In November 1915, the mathematician David Hilbert (1862–1943) wrote a paper containing the gravitational field equations in an implicit form, based on variational principles.
In 1922 Alexander Friedman (1888–1925) discovered non-static solutions to Einstein’s cosmological equation and predicted that the universe can expand and, in some scenarios, also contract, collapse, and be born again. Even before the astronomical discovery of the red shift, Friedman was able to estimate the age of the universe at the order of 10 billion years.
The results of observations carried out by British scientists during the 29 May 1919 solar eclipse confirmed the value of relativistic gravitational light deflection predicted by Einstein, seen here in the company of Arthur S. Eddington, Paul Ehrenfest, H. A. Lorentz, and W. de Sitter in Leyden, late September 1923.
The Einstein Tower at the Potsdam Observatory (right) was designed to measure solar gravitational redshift. It was inaugurated in August 1921 during the annual meeting of the German Astronomical Society, at which Einstein is seen with the astronomer Hans Ludendorff (above), its director.
An international effort to observe the solar eclipse of 21 September 1922 was mounted by astronomers from the U.S., Australia, India, and Canada. The Lick Observatory team, led by William W. Campbell (1862–1938), installed the 1.52 meter (5 foot) Einstein camera in Wollal, Western Australia, and confirmed the values for light deflection predicted by general relativity.
Georges Lemaître (1894–1966), seen with Einstein at Caltech in 1933 (right), proposed the idea of an expanding universe in 1927. On the basis of observations carried out with the 100-inch Hooker telescope at the Mt.

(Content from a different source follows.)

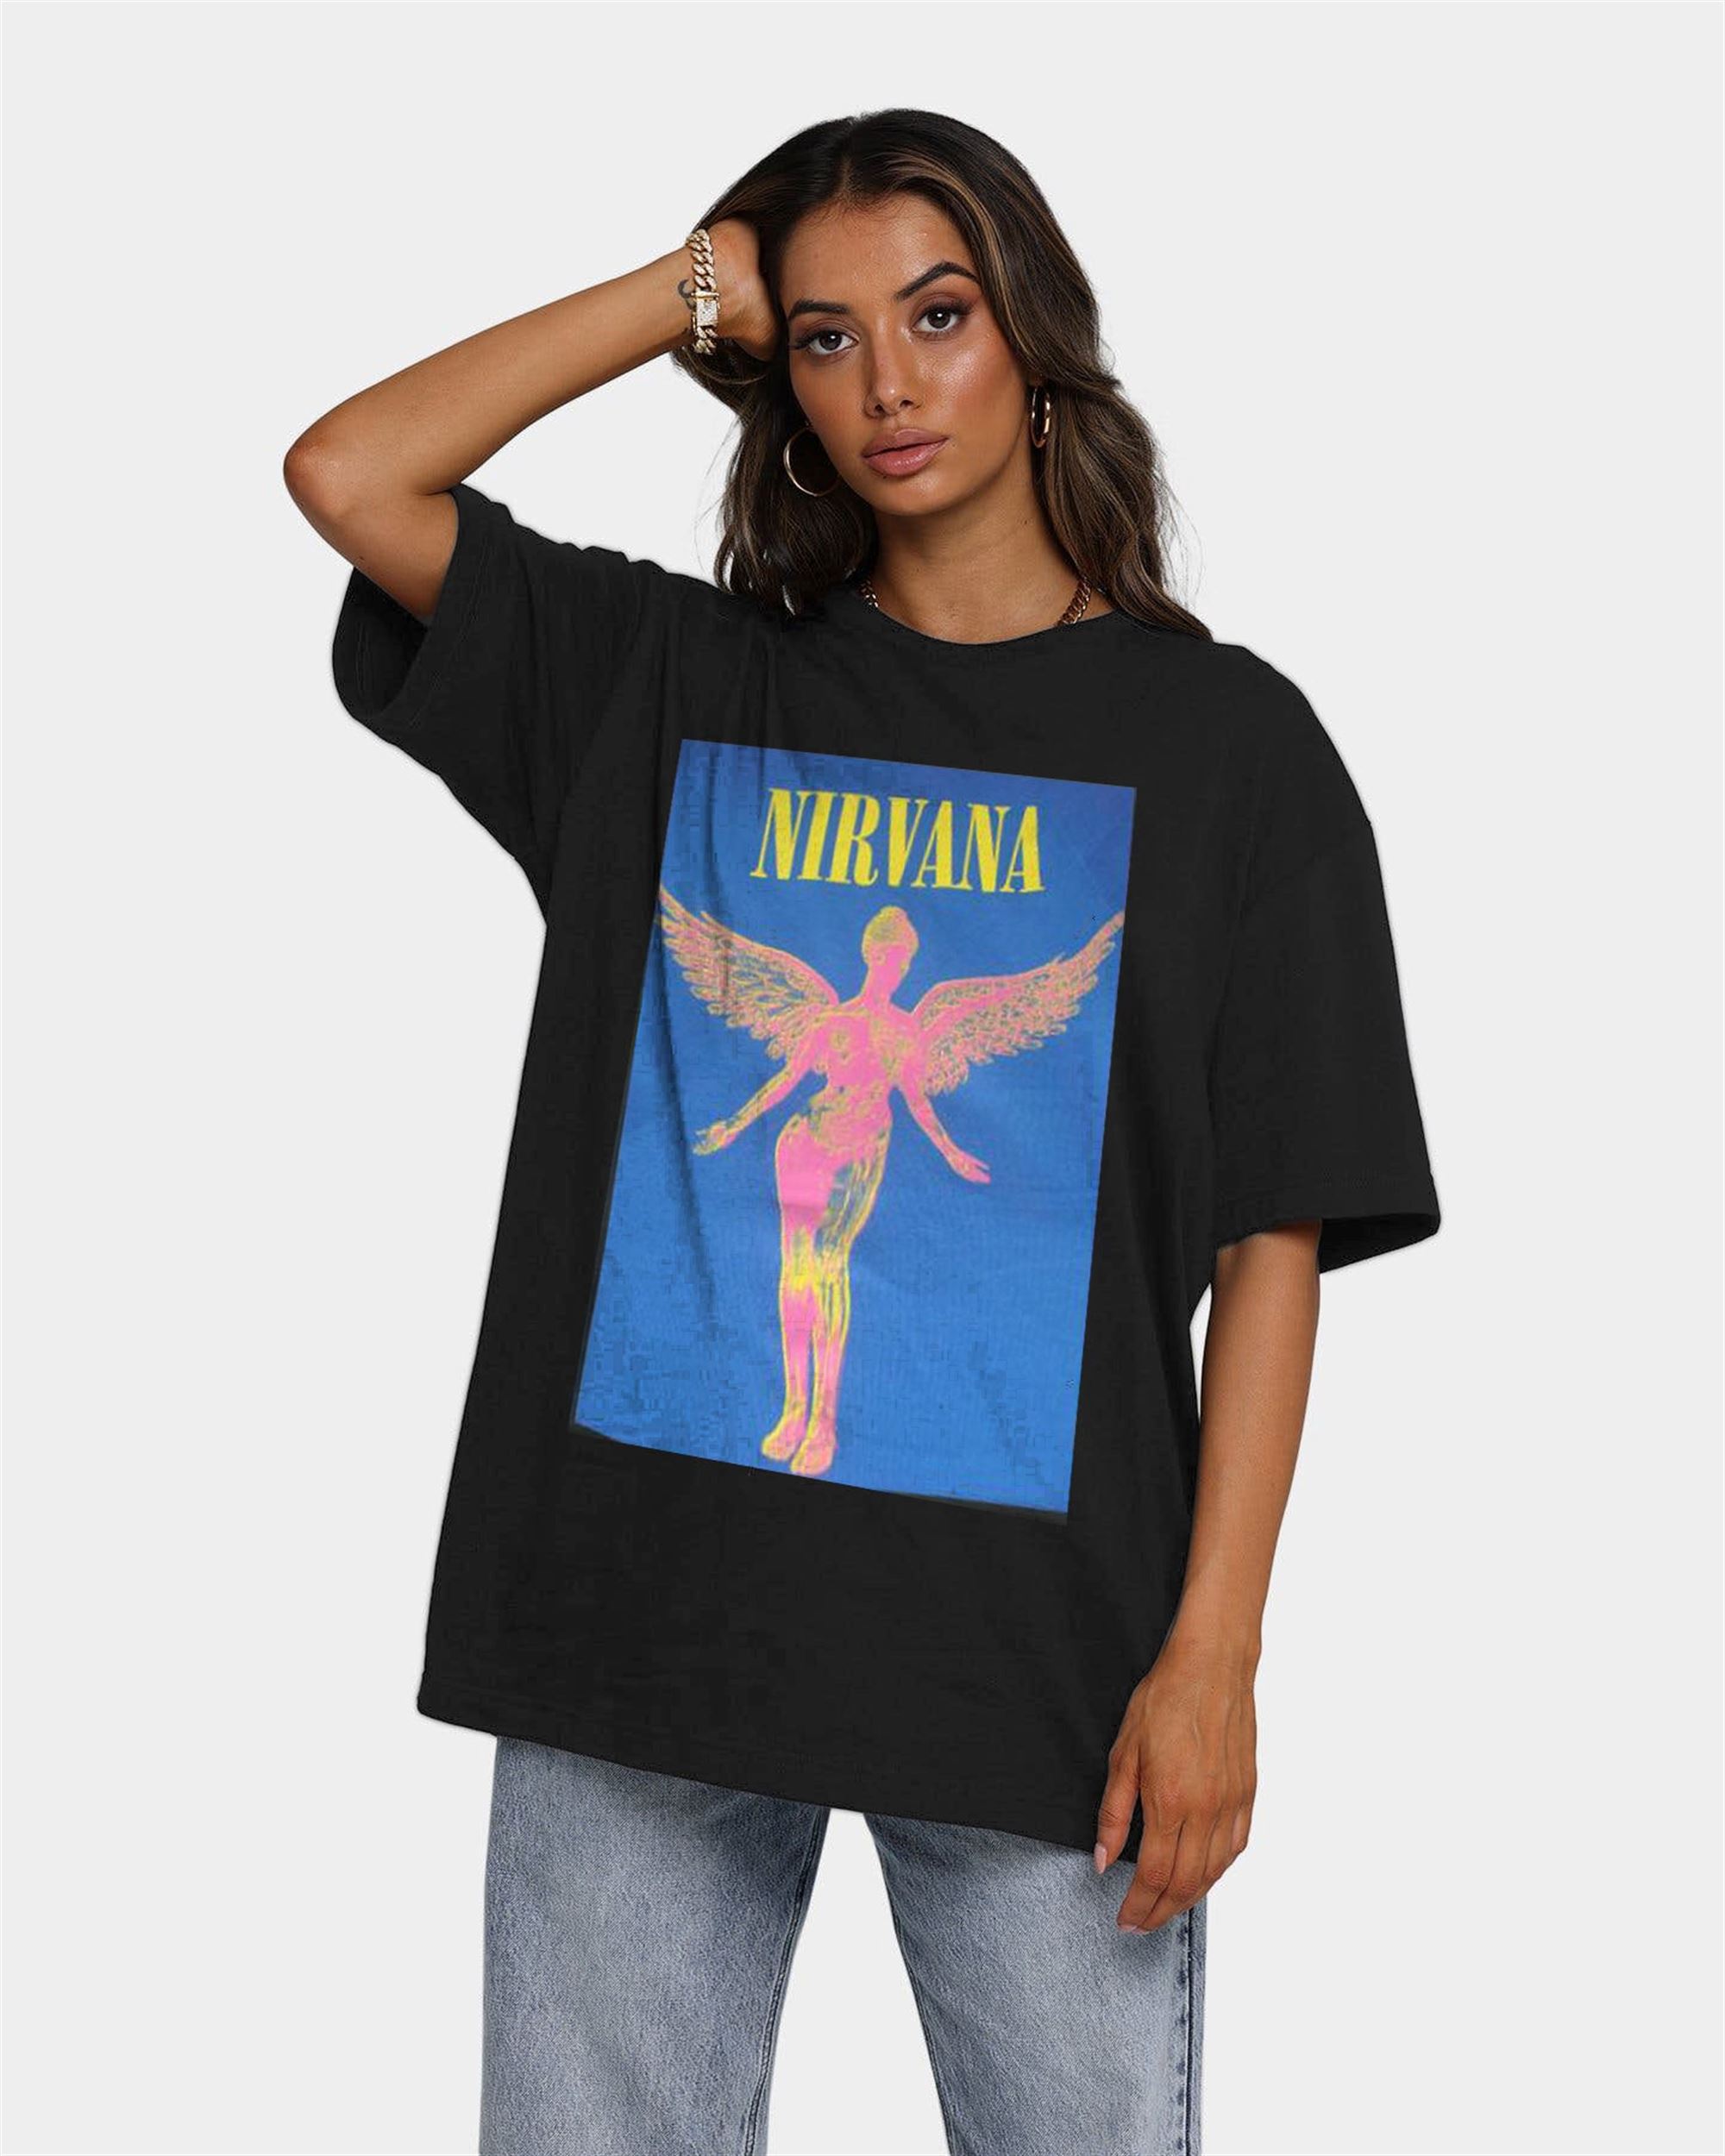 Nirvana Utero Tour T-shirt Nirvana Band Shirt Nirvana Shirt Funny Shirtretro 90 Shirt Vintage Nirvana Shirt Rock Band T-shirt H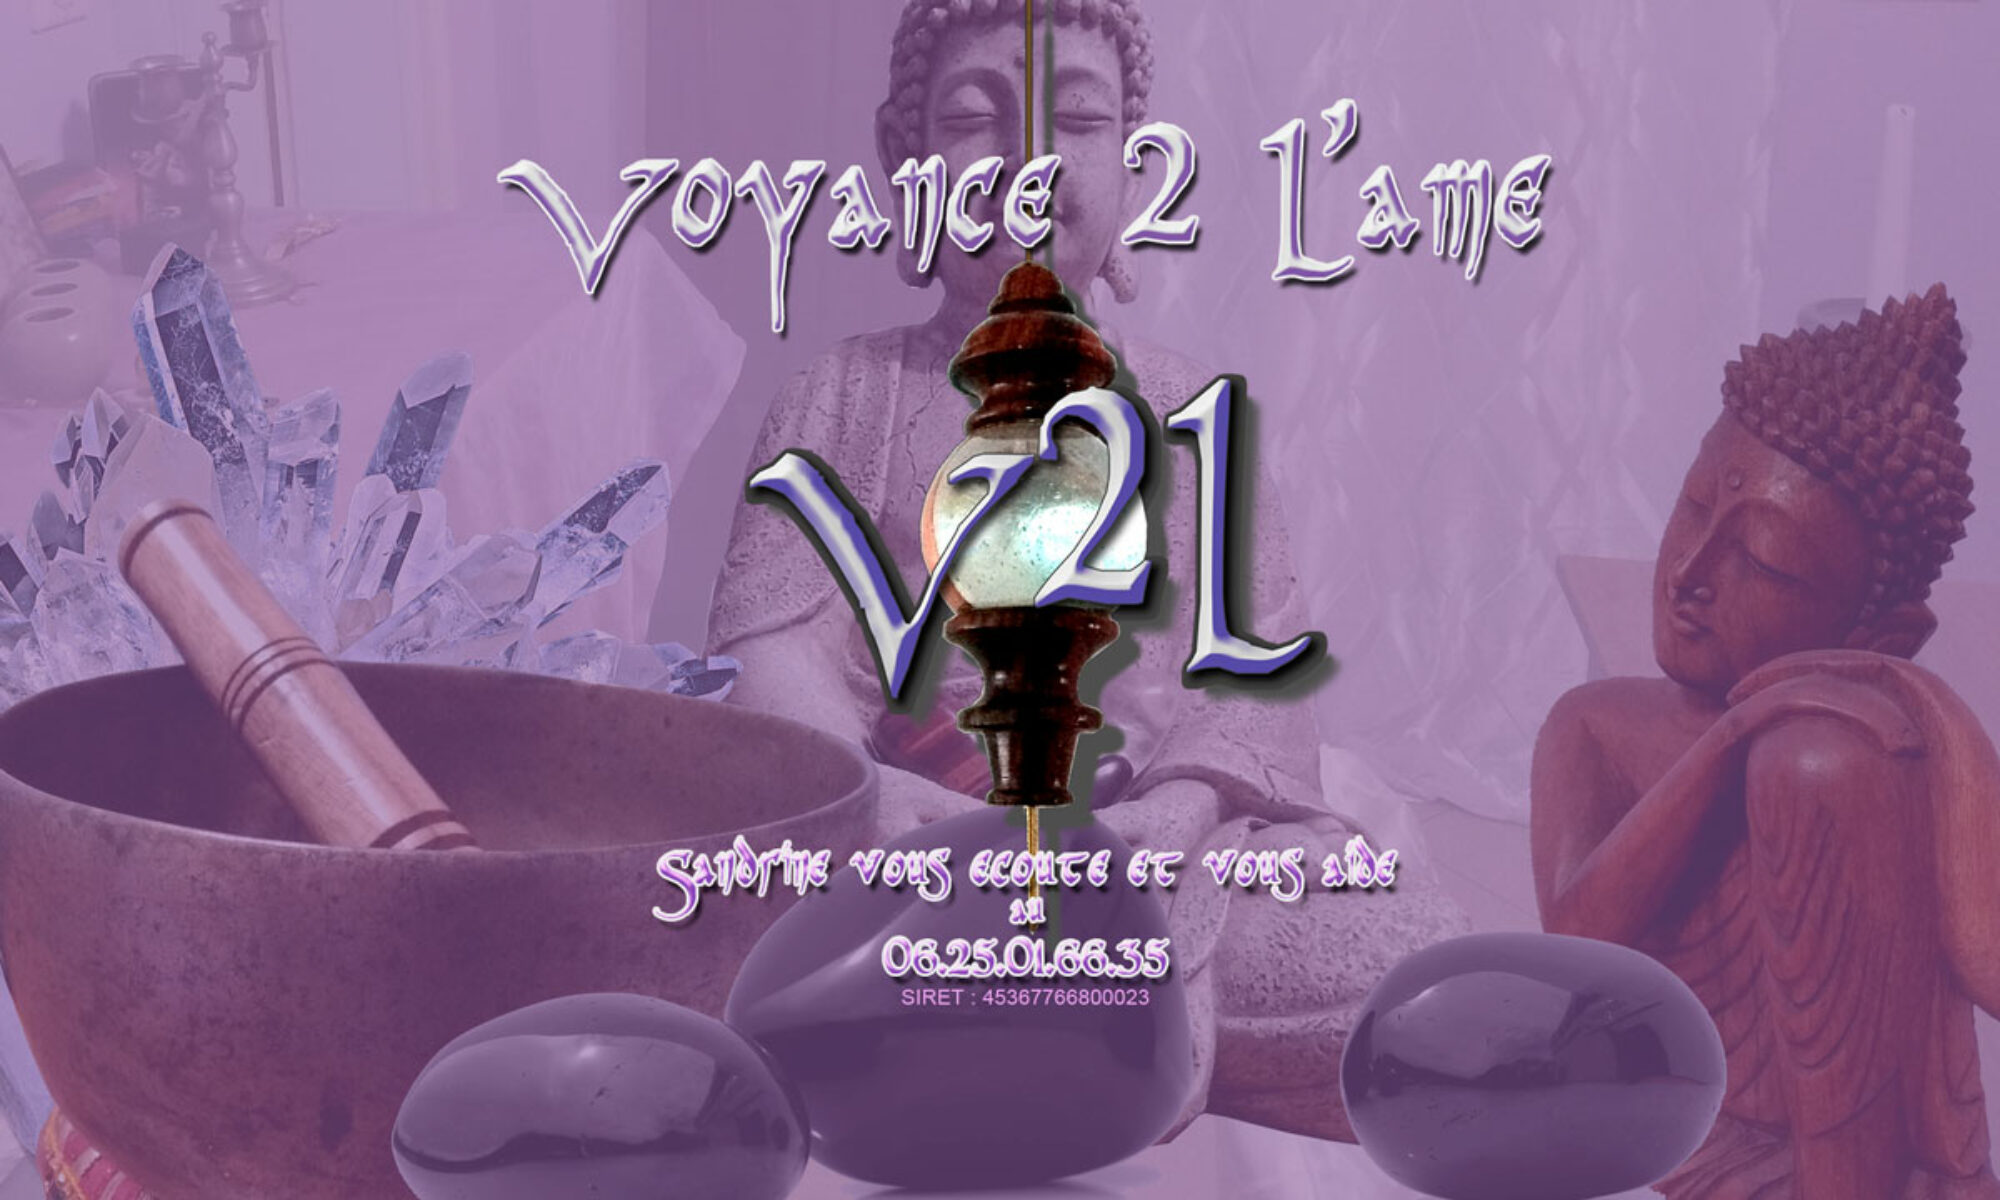 Voyance2lame

Wilson Observatory between 1924 and 1929, Edwin Hubble (1889–1953) (above) showed that the universe was expanding and extended well beyond the Milky Way.
While he was a visiting scientist at the California Institute of Technology, Einstein visited the Mt. Wilson Observatory for the first time on 29 January, 1931. In this photograph (right) he is seen with Charles St. John examining images at the 150-foot Solar Tower, whose spectroheliograph logbook for that day is reproduced above.
The equations at the upper left are part of Einstein’s approach to a unified field theory of gravity and electromagnetism that he developed in the mid-1940s. The equations are based on a generalization of the pseudo-Riemannian geometry he used in the general theory of relativity.
The sentence at the top right reads: “He who, against his better judgment, says ‘yes sir, no sir, three bags full sir’ to the aberrations of the crazy crowd, does not deserve that the sun is shining on him.”
After World War II, John A. Wheeler (1911–2008) contributed significantly to the revival of interest in general relativity, which had been largely ignored in the previous few decades. At the 1957 Chapel Hill Conference on The Role of Gravitation in Physics, Wheeler kept a detailed notebook of the proceedings and discussions.
Einstein predicted the existence of gravitational waves in 1916. Although indirect evidence has been provided by measurements of the Hulse-Taylor binary system, definitive results are expected from current and future gravitational detectors, such as LIGO (Laser Interferometer Gravitational-Wave Observatory) and eLISA (Evolved Laser Interferometer Space Antenna).